When I got back from the historic centre it was time to pack up, check out and head off to the station to my first teaching destination...

Posted by 3Traveller 10:34 Archived in Austria Tagged vienna hotel austria cathedral brewery explorations unesco_world_heritage_site austrian_cuisine Comments (0)

Update on blog: The new chapter

Luton

Edit from April 2019: Although I am writing this now in April, I am dating this entry to this January so that it sets the scene for the upcoming entries which will be about events which happened from January onwards.

This is the first entry of the new chapter of this blog.
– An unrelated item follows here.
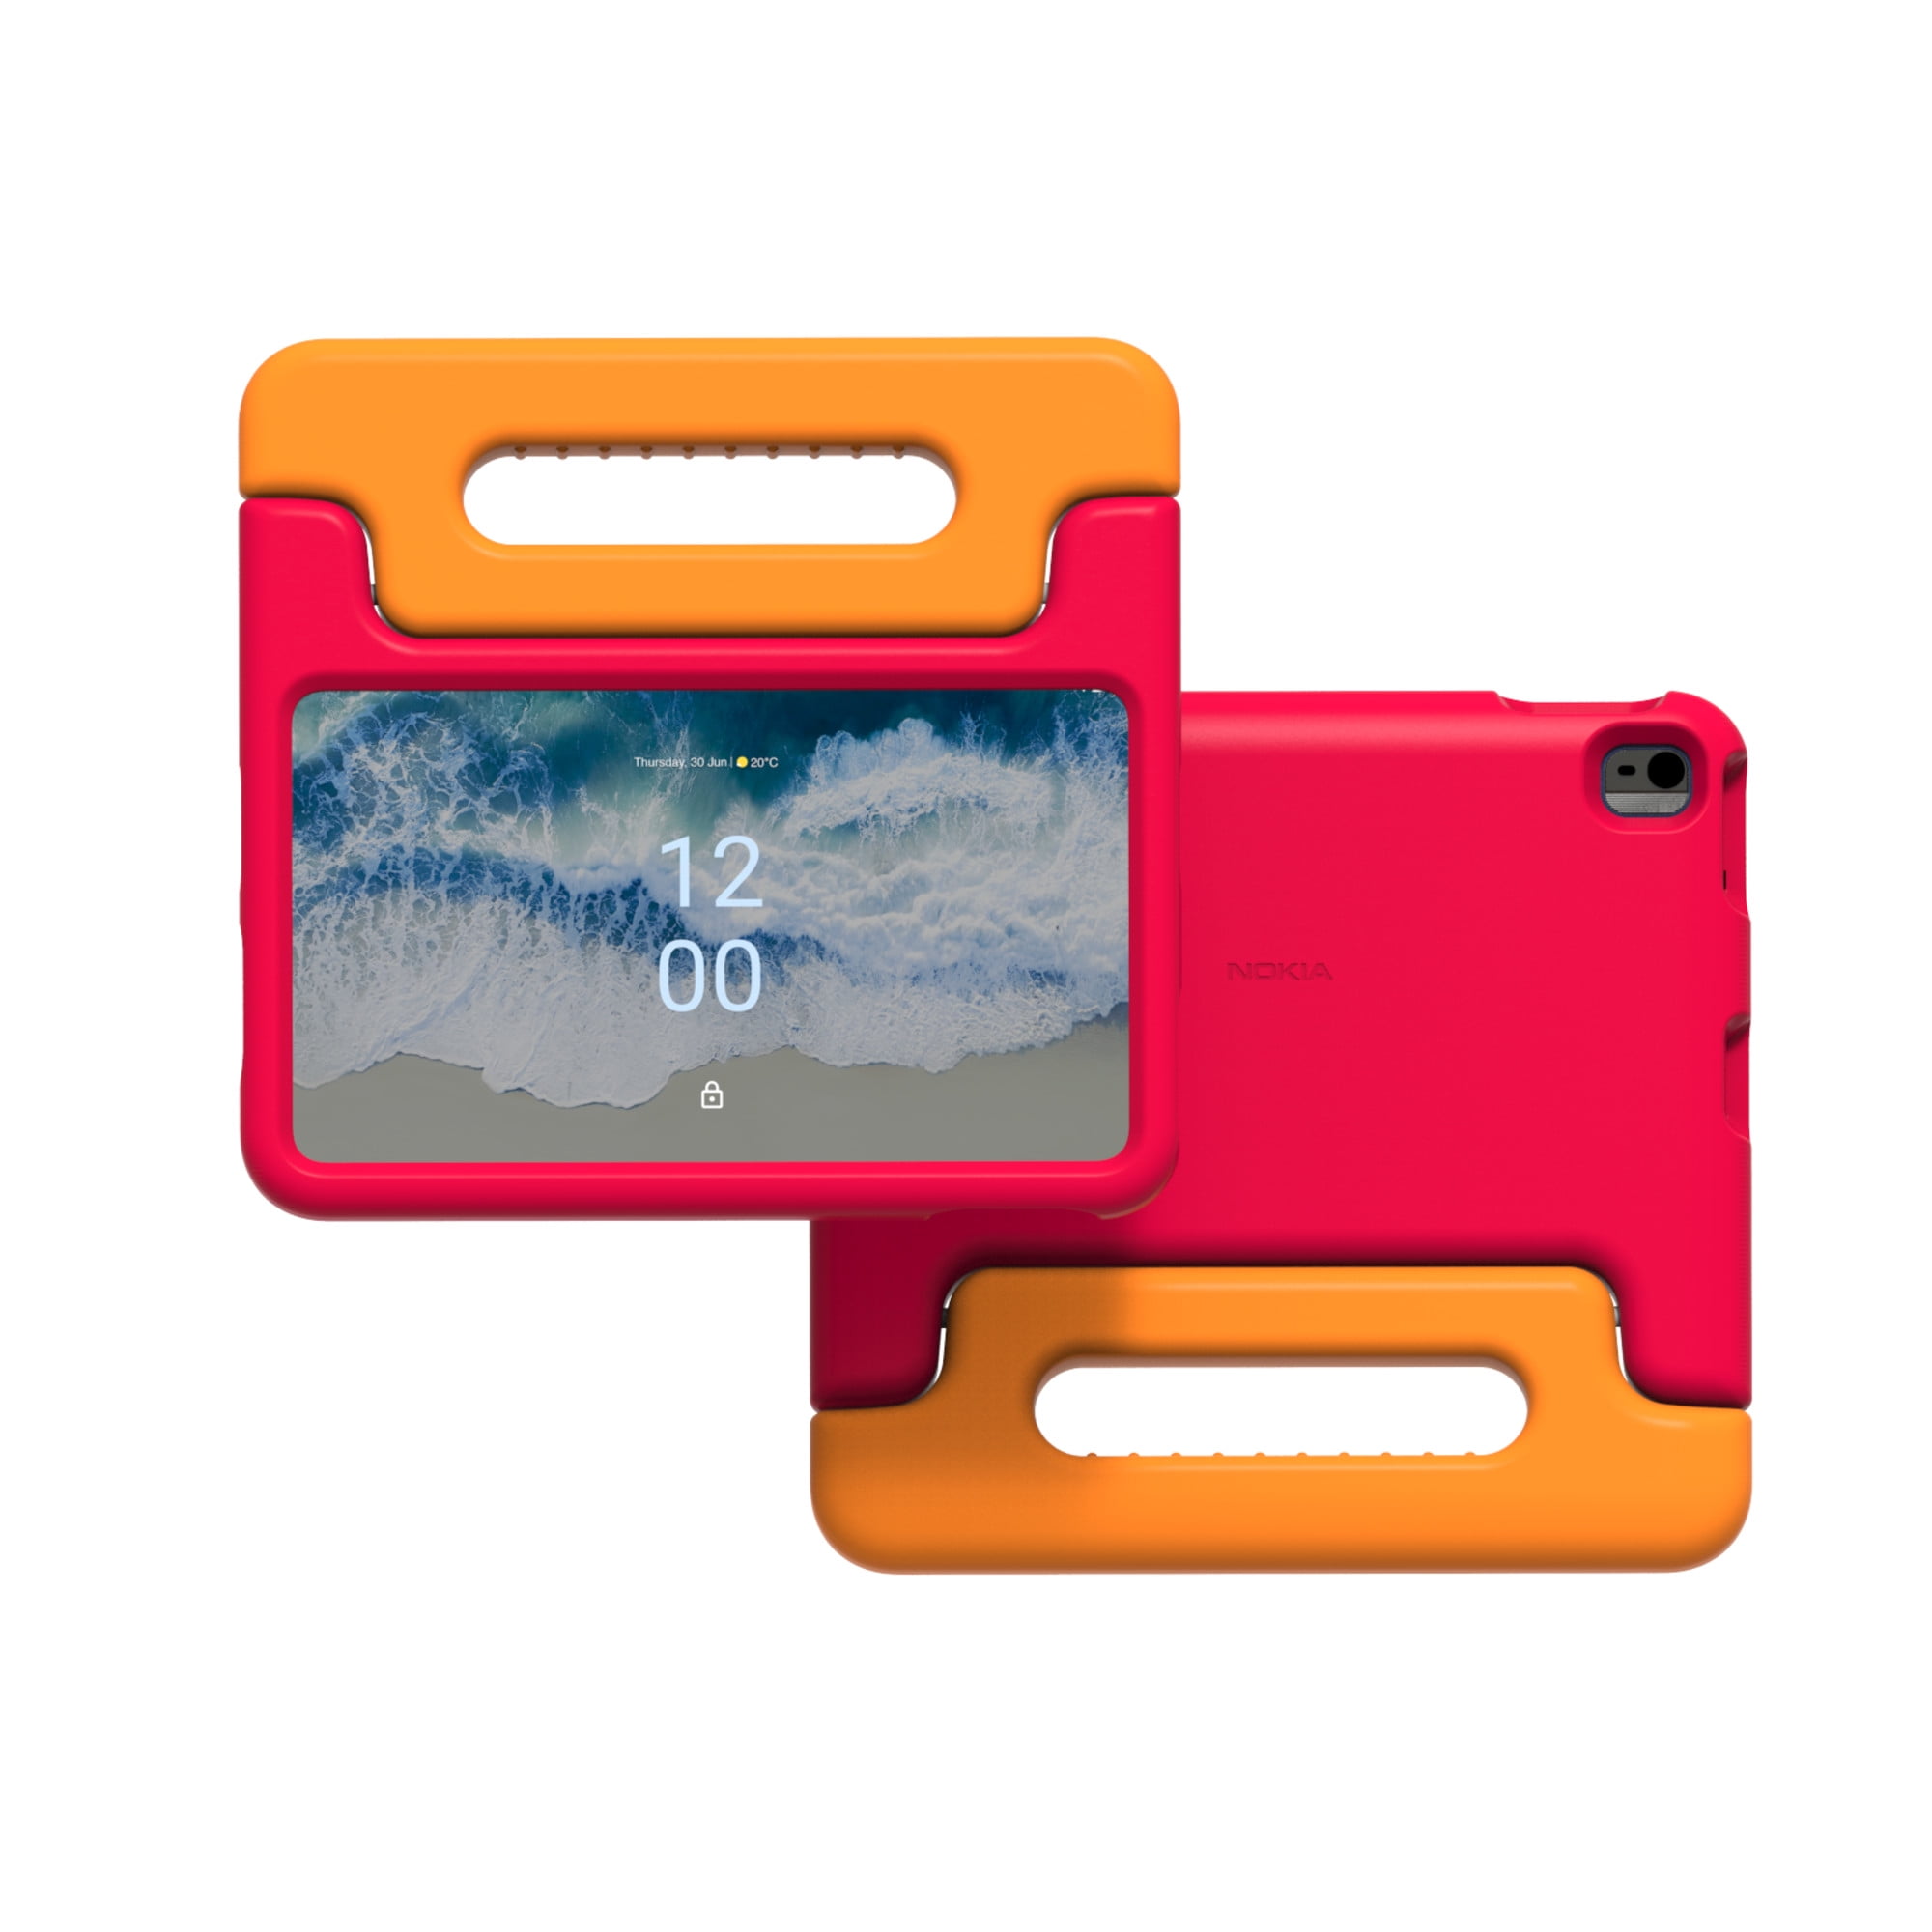 Nokia T10 Kids Edition, il tablet pensato per tutti i bambini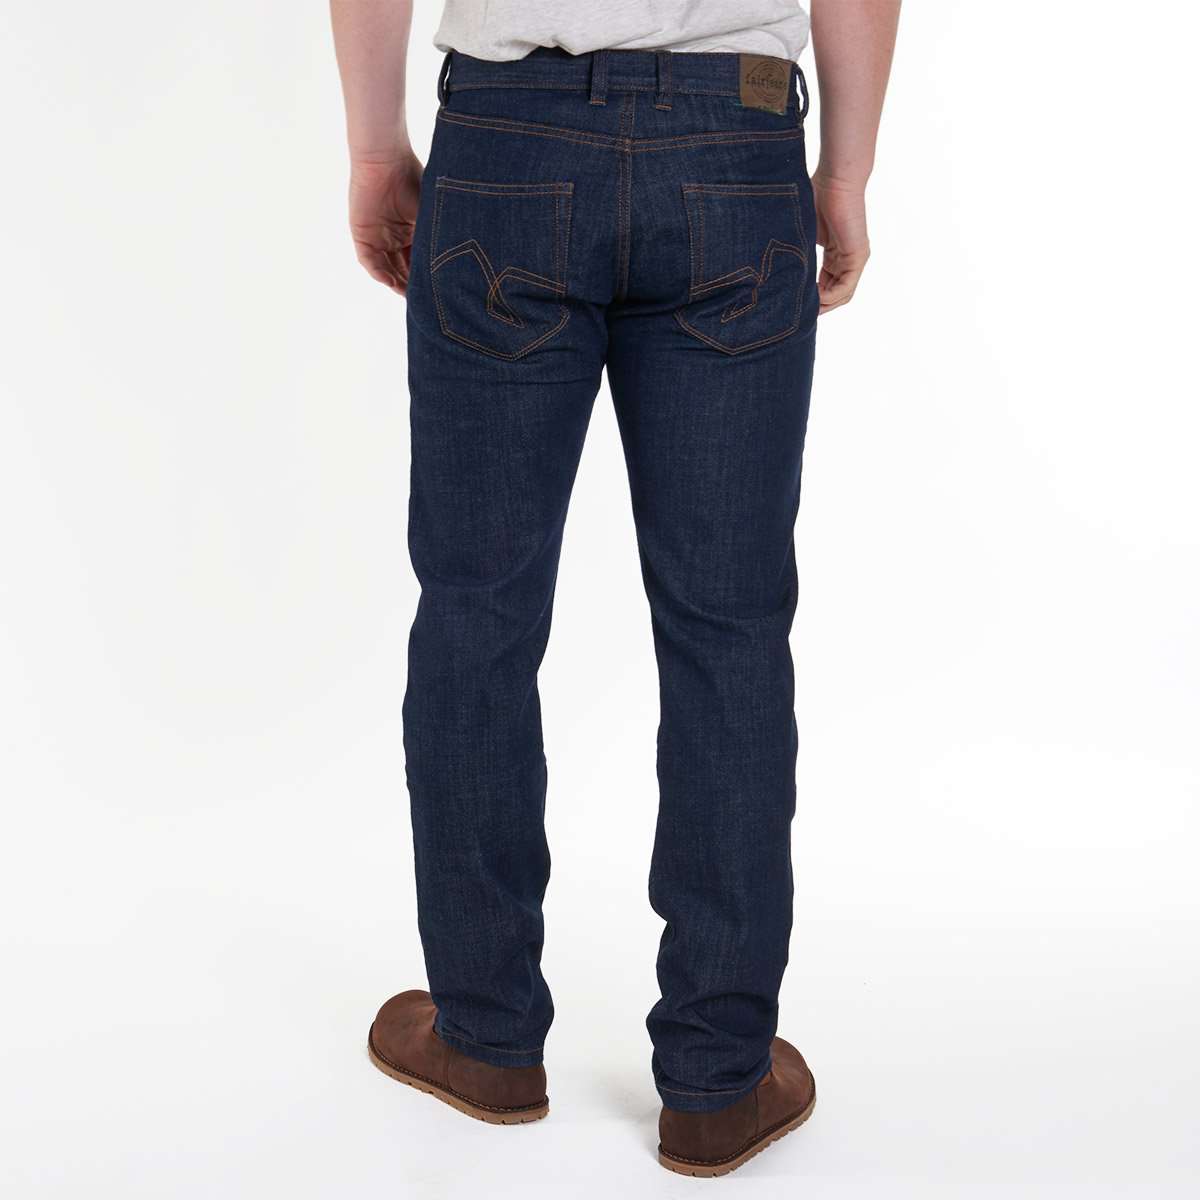 Nachhaltige Bio- Herren Jeans für einen bewussten Lebensstil – fairjeans

All 261 entries previous to this one were originally posted on the Travelpod travel blogging site, which closed down in July 2017. The vast majority of entries were written between May 2013 and August 2015, while I was teaching and travelling abroad and at the actual times I experienced the events I wrote about; only a very small amount of entries I wrote up later, using to help me emails I'd written and photos I'd taken at the original time.

From my return in 2015 until January this year I taught EFL continuously in the UK and also went on some trips abroad (Argentina & Uruguay, Bulgaria, Lithuania, Croatia, Bosnia & Herzegovina, Luxembourg, Italy & Vatican City, Poland, Belgium and Georgia) and within the UK (Scotland, Cornwall, Rochester, Oxford, London, Manchester, Chester, Liverpool, the Peak District, Leicester, Brighton and Birmingham).

In January this year I started a new teaching job, still teaching EFL but within state schools in mainland Europe. Before I left the UK I decided to resurrect my Teaching & Travelling Abroad blog, this time on the new platform of Travellerspoint, to include my upcoming trip and any other future working trips abroad I may do.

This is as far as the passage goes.